The Options submenu allows you to change tabulated column spacings in the text output, and to change the display font.
Selecting "Options/General" will bring up a Windows dialog box which allows you to change the column width for tabulated output. In addition to Cancel and OK buttons, there is a Recalculate button to allow you to view the effect of changing column widths on the text window without closing the dialog box.
Text Window Options/General Dialog
This dialog shows the minimum, maximum and default settings for the column spacings, and allows you to change the current setting for the column spacing. Click Cancel to ignore any changes and return to the original setting. Click OK to use the current setting in the Column Spacing (chars) edit box. While changing the value, you can click Recalculate to preview the effect on the text window.
Selecting "Options/Font" allows you to change the font for the text window. A standard Windows font selection box will appear, and if you select OK the specified font will be selected, and saved in the registry for the next session.
Selecting "Options/Set default font" allows you to set the font to the install default for the text window. A message box will ask you to confirm this with a Yes/No choice.
All variable parameters are displayed on the main graphic screen and can be changed using floating edit boxes. Scientific notation can be used, i.e. 2.45E9
The calculation of results is not performed while parameters are being edited, since a partly completed number can be invalid or produce erroneous results. When you have completed editing a changed parameter, press the Enter key to update the results.
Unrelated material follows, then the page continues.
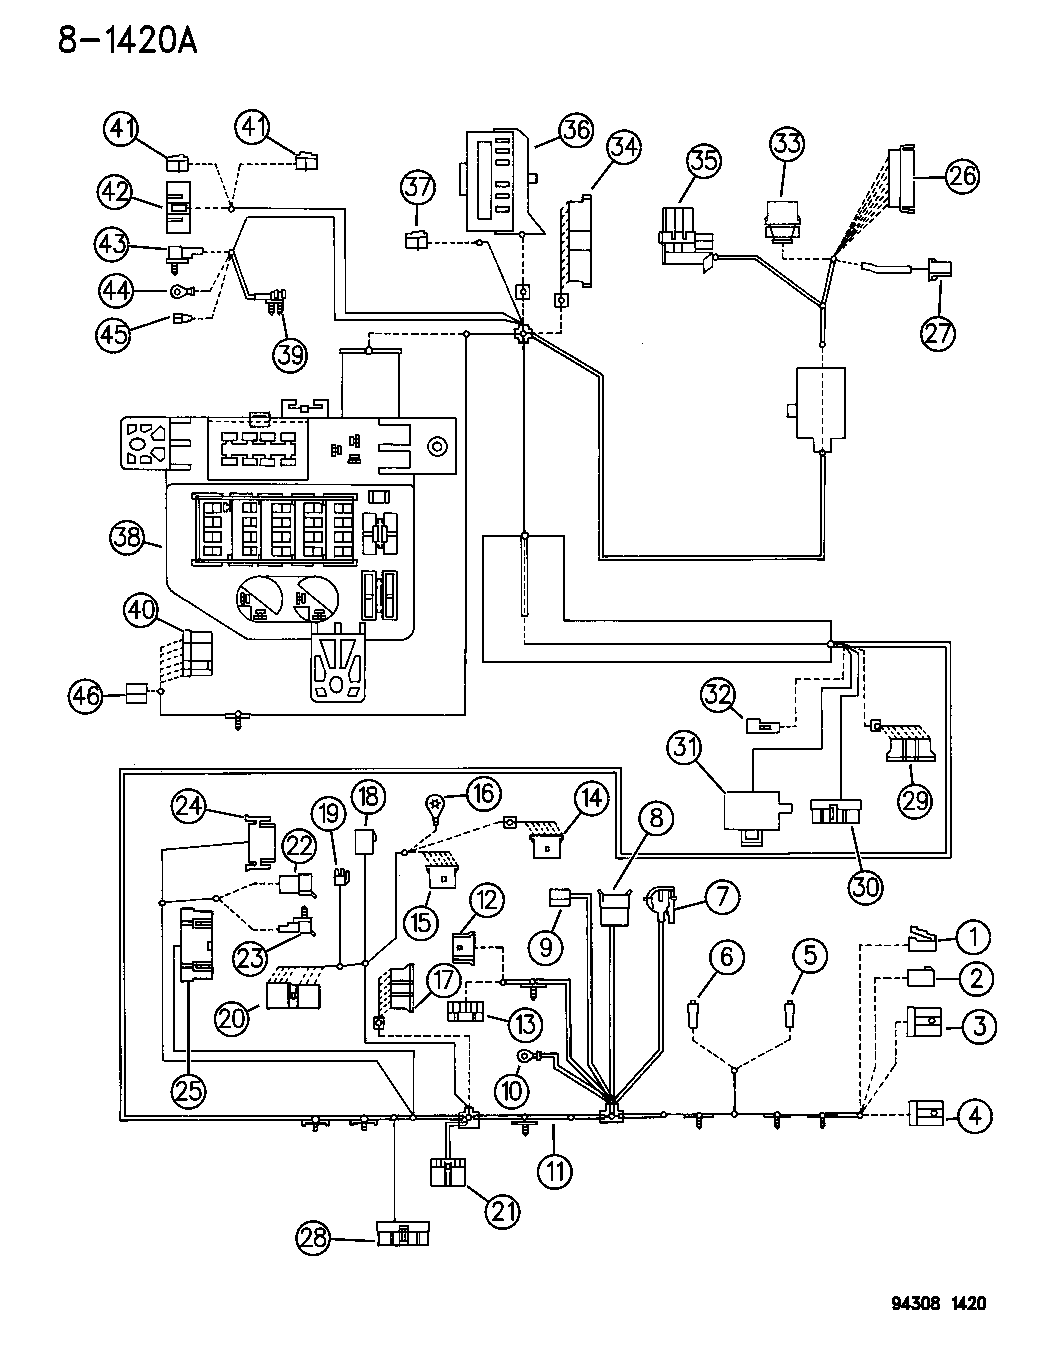 1994 Dodge Ram 2500 Wiring - Instrument Panel

A control button selects whether diffraction parameters are included in the graphic window's results, and another button selects which type of rounded hill excess loss is allowed for (rough or smooth) in the diffraction calculation.
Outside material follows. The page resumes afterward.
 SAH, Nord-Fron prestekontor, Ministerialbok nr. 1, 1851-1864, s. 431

The values entered will be saved (in the system registry) and re-loaded when you next run the program.
- Nominal Range
- Fading margin, Building Loss and other losses
- Carrier frequency
- Propagation Range law
- Tx antenna gain
- Tx Power
- Rx antenna gain
- Rx noise figure
- Rx required detector Signal to Noise (S/N)
- Receiver Sensitivity
- Signal bandwidth
- Diffraction parameters
- Input Intercept
- Example 1
- Example 2
- Example 3
This is the range that is required between the transmitter and receiver. It also plays a part in defining the effects of diffraction when there is an obstacle between the transmitter and receiver. This doesn't mean that the radio link will actually work reliably at this range- to determine the viability of the link, you need to look at the path budget margin (abbreviated to just "margin"). This is displayed at the bottom of the main window together with the maximum feasible range. If the margin is, say, 10dB, that means at the specified nominal range, you have 10dB signal strength over the minimum needed for a feasible link taking into account all the model parameters. The amount of margin needed depends on statistical factors, and subjective factors such as how much confidence you have that all potential loss contributions have been accounted for and how well the propagation path has been characterised.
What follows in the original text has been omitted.